YOUR GOAL: Transcribe the listing that follows in full, omitting pictures.

MATERIAL PROVIDED:
####

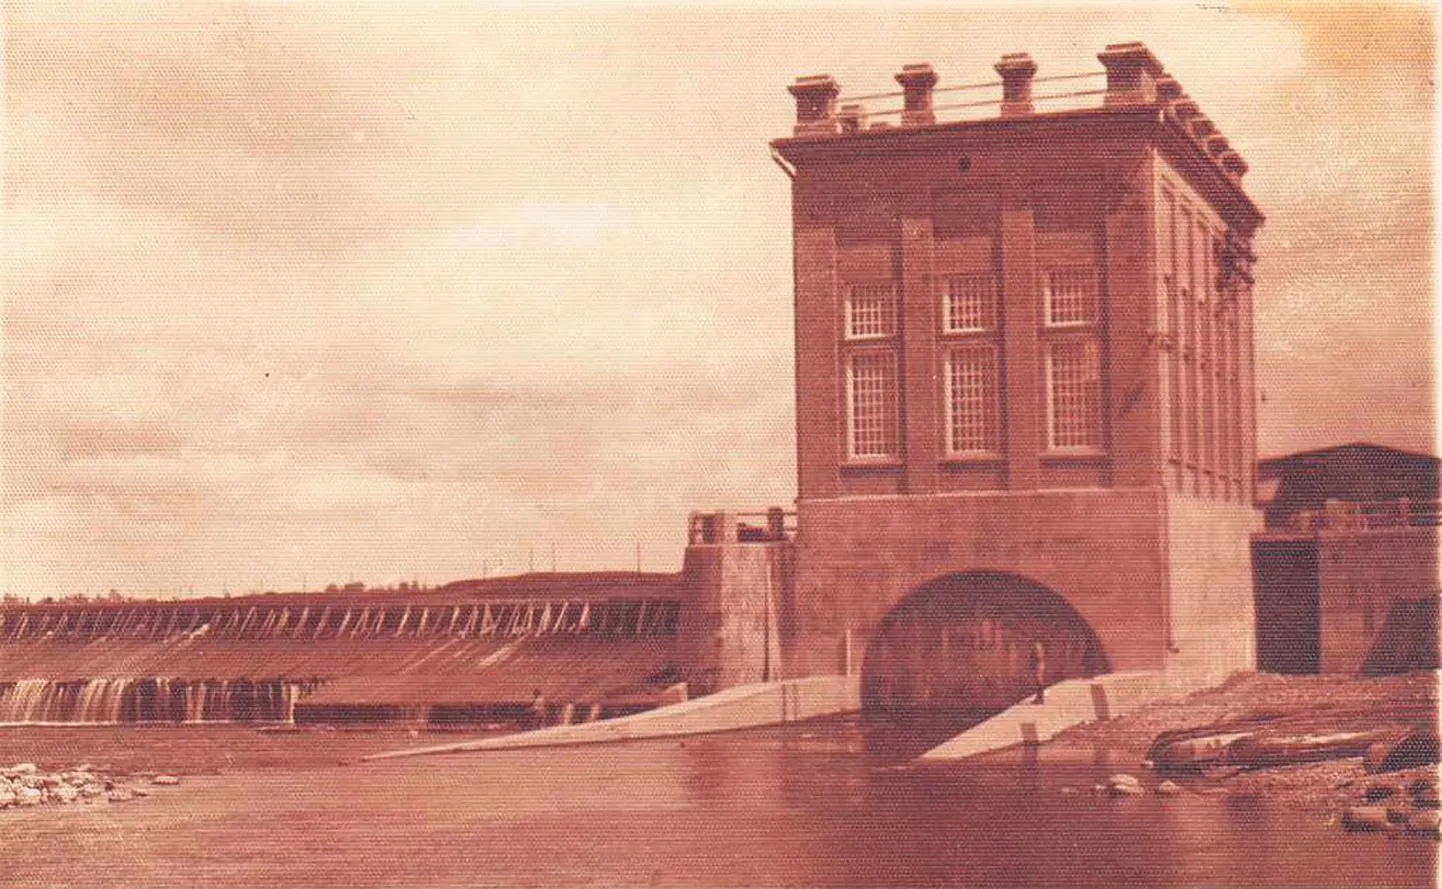 Sindi vabrikule läks uue hüdroelektrijaama ehitamine maksma 240 000 krooni. Elektrifitseerimistöödele kulus kokku veel ligi 130 000 krooni. Juba 1930. aastal kavandati jõele uut paisu, mis ehitati alles 1974. aastal.
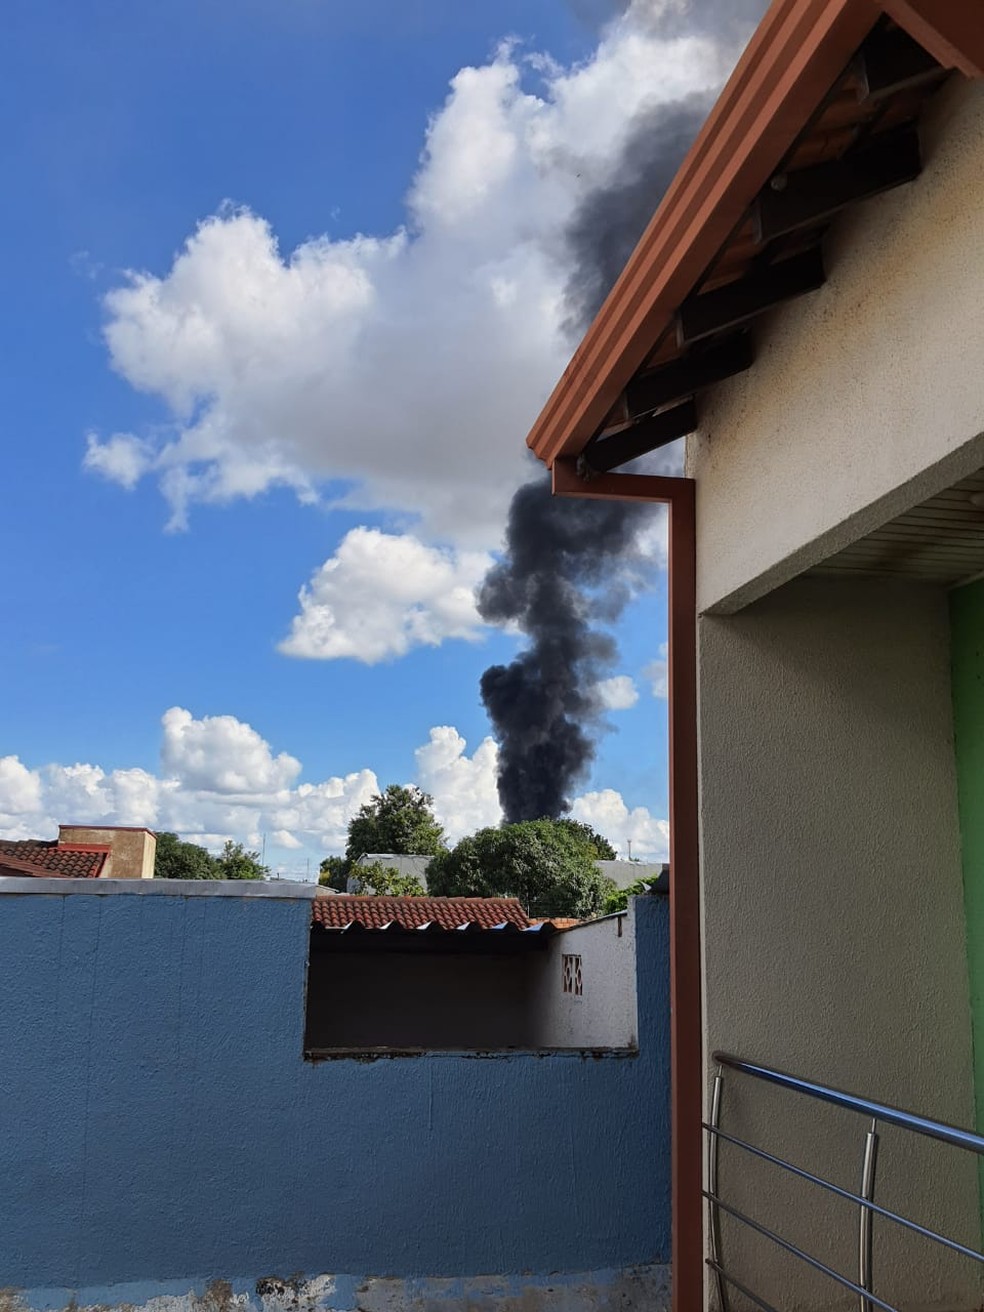 Moradores de bairros próximos registram fumaça do incêndio na capital de RO — Foto: Arquivo pessoal
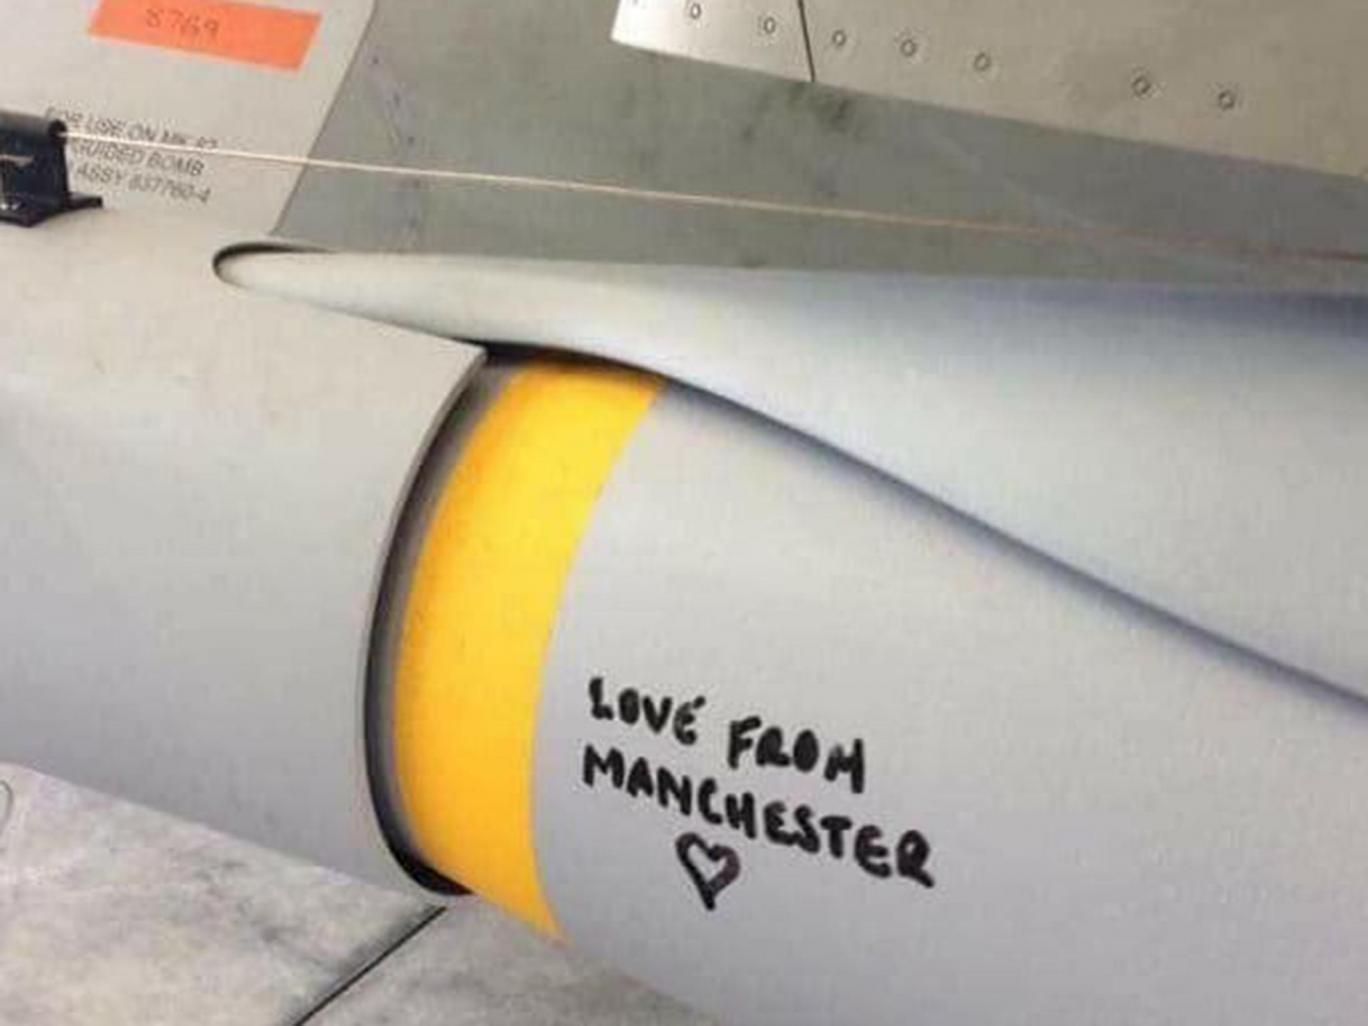 Британия бомбит ISIS ракетами “с любовью из Манчестера”

####

OUTPUT OF THE EXERCISE:
 Sindi vabrikule läks uue hüdroelektrijaama ehitamine maksma 240 000 krooni. Elektrifitseerimistöödele kulus kokku veel ligi 130 000 krooni. Juba 1930. aastal kavandati jõele uut paisu, mis ehitati alles 1974. aastal.
 Moradores de bairros próximos registram fumaça do incêndio na capital de RO — Foto: Arquivo pessoal
 Британия бомбит ISIS ракетами “с любовью из Манчестера”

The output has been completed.